The Open Applications Group Inc. (OAGi) and the ISA-SP95 working group, standards organizations that focus on the discrete and process sectors respectively, are cooperating to rationalize the multiplicity of standards that vendors and manufacturers must support to enable enterprise and plant-floor application integration.
OAGi, an 11-year-old, not-for-profit independent standards group, has promulgated a standard called OAGIS that uses XML and Web services to enable business applications to interoperate with manufacturing processes in discrete verticals such as aerospace and automotive. ISA-95, another non-profit, has put forth a multi-part standard that defines the fundamental elements of a production process, including people, equipment, and materials -- a standard that has been heavily adopted by process manufacturers.
Under Part 5 of ISA-95, currently in draft form, the ISA-SP95 working group will incorporate a subset of the language used in OAGIS to fill out what it calls the Business to Manufacturing Transactions Standard.
Part 5 is "taking that [ISA-95] model and saying, 'How would you use OAGIS to transact messages around the [production] schedule and so forth?'" said Keith Unger, chairman of ISA-SP95 and principal manufacturing information technology consultant at Stone Technologies, a systems integrator in St. Louis, MO.
This harmonization is not likely to result in a new unified standard, Unger said in an interview with Managing Automation. That's because there are unique aspects of both approaches upon which manufacturers in different verticals rely. But the standards will become more compatible, coalescing under the umbrella group of OpenO&M (Open standards for Operations and Maintenance), an organization in which the ISA (Instrumentation and Systems Automation Society), OPC Foundation, World Batch Forum (WBF), and founding member MIMOSA (Machinery Information Management Open Systems Alliance) already participate. OAGi recently became a member.
"The core capabilities are substantial, but none of us are trying to do everything on our own," said Alan T. Johnston, MIMOSA's president and CEO. For example, OAGIS does not get into granular definitions of the underlying physical assets -- which the group needs as manufacturers demand tighter interoperability between MES and enterprise applications.
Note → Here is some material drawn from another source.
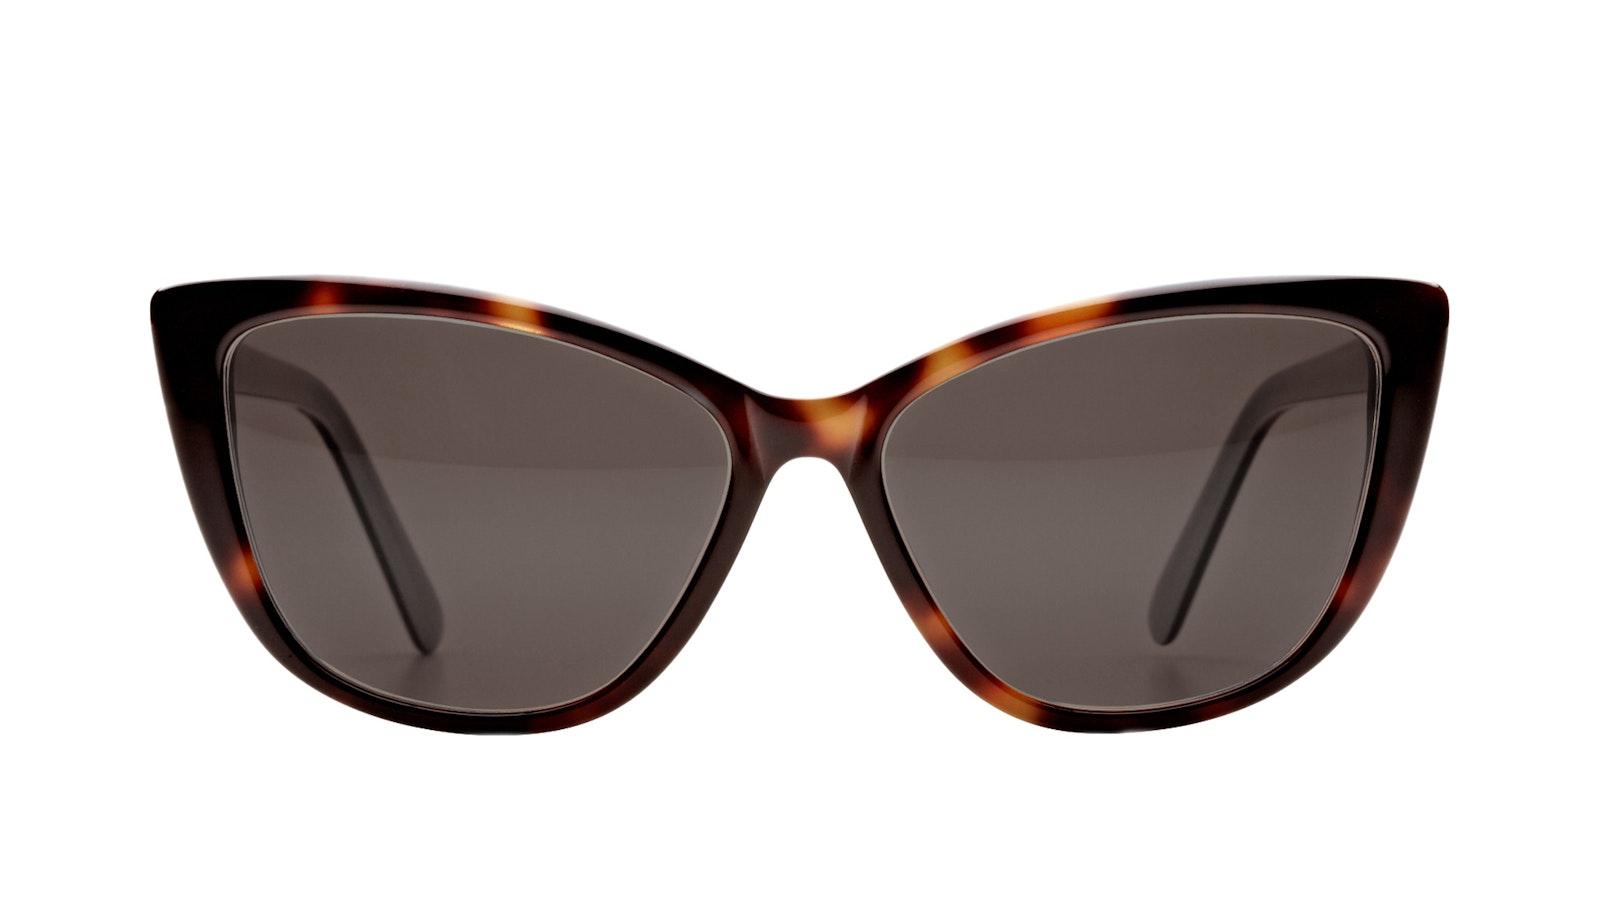 Affordable Fashion Glasses Cat Eye Daring Cateye Sunglasses Women Dolled Up Dreamy Tortoise

"If you logically break it down you have enterprise systems up top, physical assets at the bottom, and horizontal as well as vertical process layers of operation and maintenance. But in the middle there's a big open [space]," Johnston said in an interview. "Historically, processes have not integrated with each other because systems were not integrated. That's what we are trying to facilitate -- the integration of operations and maintenance up through the enterprise based on the utilization of the appropriate interoperability standards. Under the OpenO&M umbrella we realize there's not one single standard that does everything."
The OAGi and ISA-SP95 convergence initiative is a first step in the harmonization effort. The goal: to reduce the choices that MES and ERP vendors, as well as their customers, must make.
When Part 5 is ready as an official ANSI standard -- which will likely be sometime next year -- software vendors and manufacturers across various industry segments will reap quick rewards. "It will take awhile to sort through, but it should be one to two years -- not decades," Unger said.